The only product supporting VXLAN Tunnel End Point (VTEP) in the near future is the Nexus 1000V virtual switch; the only devices you can connect to a VXLAN segment are thus Ethernet interface cards in virtual machines. If you want to use a router, firewall or load balancer (sometimes lovingly called application delivery controller) between two VXLAN segments or between a VXLAN segment and the outside world (for example, a VLAN), you have to use a VM version of the layer-3 device. That’s not necessarily a good idea; virtual networking appliances have numerous performance drawbacks and consume way more CPU cycles than needed ... but if you’re a cloud provider billing your customers by VM instances or CPU cycles, you might not care too much.

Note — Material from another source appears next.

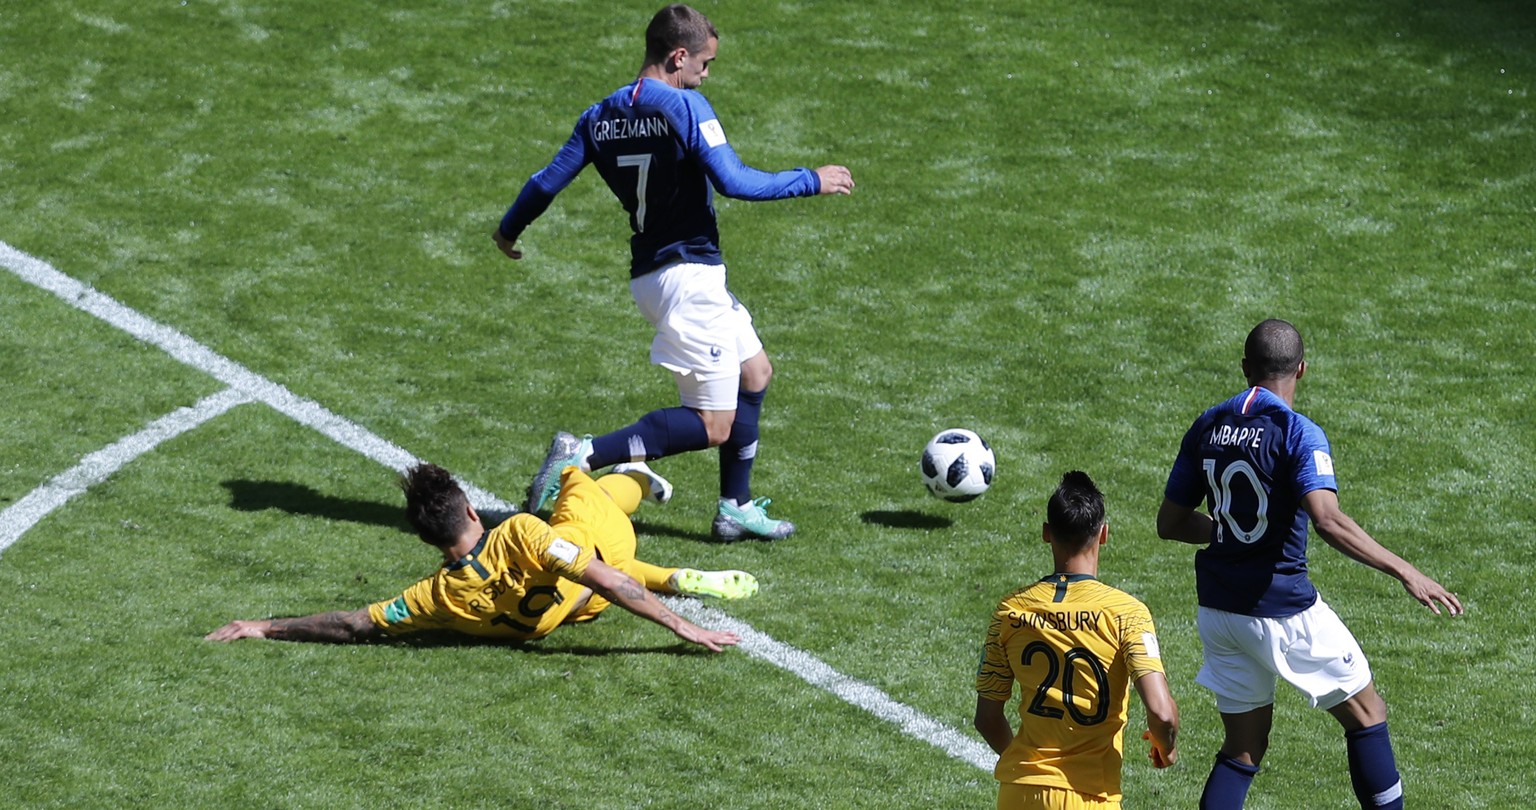 Australia&#039;s Joshua Risdon, left, tackles France&#039;s Antoine Griezmann, second left conceding a penalty kick for France during the group C match between France and Australia at the 2018 soccer  ...
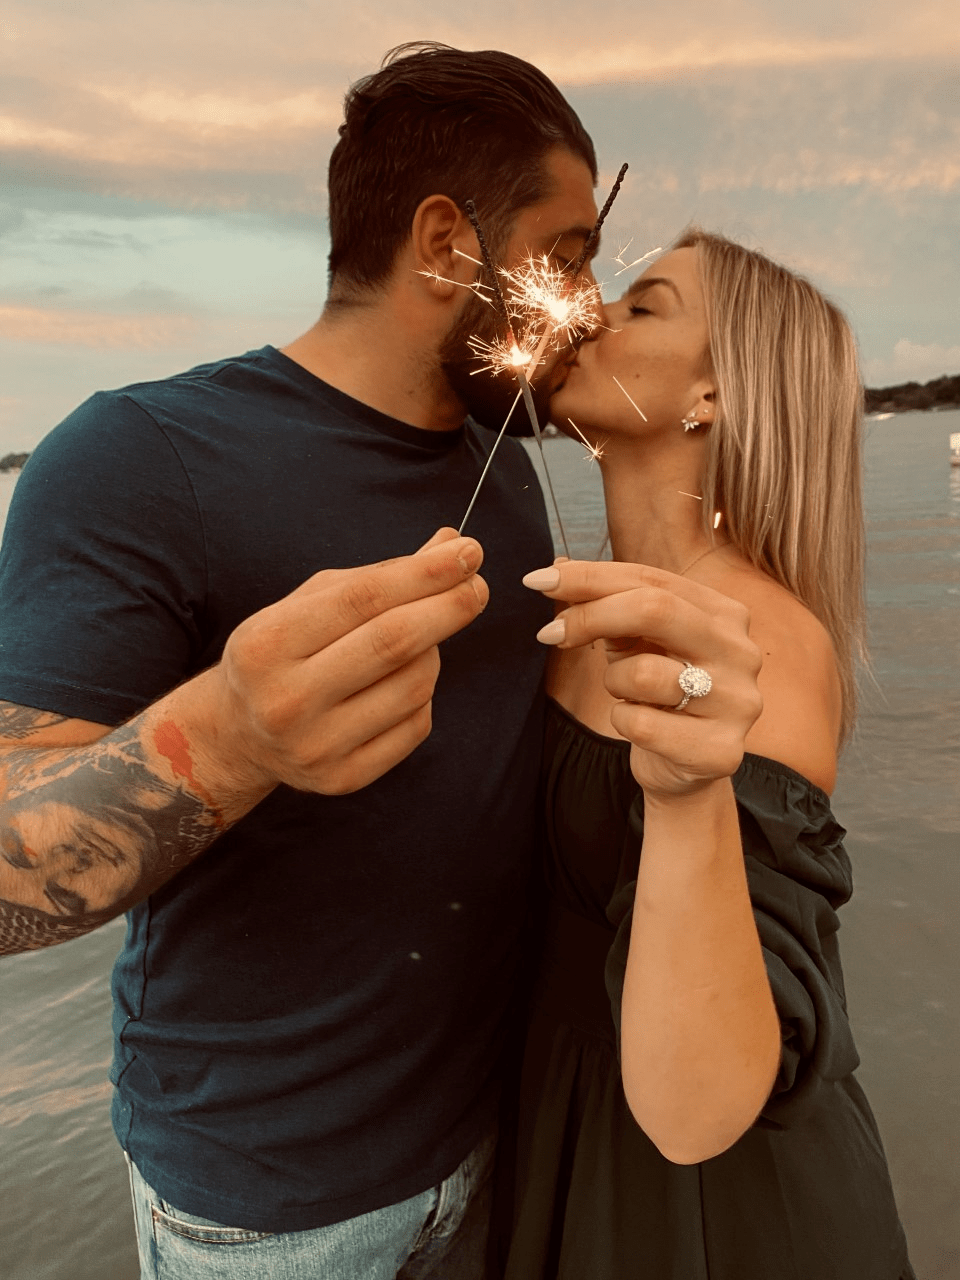 Cassandra and Anthony kiss each other and holding sparkler in his hand

The virtual networking appliances also introduce extra hops and unpredictable traffic flows into your network, as they can freely move around the data center at the whim of workload balancers like VMware’s DRS. A clean network design (left) is thus quickly morphed into a total spaghetti mess (right):
Cisco doesn’t have any L3 VM-based product, and the only thing you can get from VMware is vShield Edge – a dumbed down Linux with a fancy GUI. If you’re absolutely keen on deploying VXLAN, that shouldn’t stop you; there are numerous VM-based products, including BIG-IP load balancer from F5 and Vyatta’s routers. Worst case, you can turn a standard Linux VM into a usable router, firewall or NAT device by removing less functionality from it than VMware did. Not that I would necessarily like doing that, but it’s one of the few options we have at the moment.
Next steps?
Someone will have to implement VXLAN on physical devices sooner or later; running networking functions in VMs is simply too slow and too expensive. While I don’t have any firm information (not even roadmaps), do keep in mind Ken Duda’s enthusiasm during the VXLAN Packet Pushers podcast (and remember that both Arista and Broadcom appear in the author list of VXLAN and NVGRE drafts).
Furthermore, VXLAN encapsulation format is actually a subset of OTV encapsulation, as Omar Sultan pointed out in his VXLAN Deep Dive blog post, which means that Cisco already has the hardware necessary to terminate VXLAN segments in Nexus 7000.
How could you do it?
Layer-3 termination of VXLAN segments is actually pretty easy (from the architectural and control plane perspective):
- VMs attached to a VXLAN segment are configured with the default gateway’s IP address (intra-VXLAN subnet logical IP address of the physical termination device);
- A VM sending an IP packet to an off-subnet destination has to send it to the default gateway’s IP address and performs an ARP request;
- One or more layer-3 VXLAN termination devices respond to the ARP request sent in the VXLAN encapsulation and the Nexus 1000V switch in the hypervisor running the VM remembers RouterVXLANMAC-to-RouterPhysicalIP address mapping;
- When the VM sends an IP packet to the default gateway’s MAC address, the Nexus 1000V switch forwards the IP-in-MAC frame to the nearest RouterPhysicalIP address.
No broadcast or flooding is involved in the layer-3 termination, so you could easily use the same physical IP address and the same VXLAN MAC address on multiple routers (anycast) and achieve instant redundancy without first hop redundancy protocols like HSRP or VRRP.
Layer-2 extension of VXLAN segments into VLANs (that you might need to connect VXLAN-based hosts to an external firewall) is a bit tougher. As you’re bridging between VXLAN and an 802.1Q VLAN, you have to ensure that you don’t create a forwarding loop.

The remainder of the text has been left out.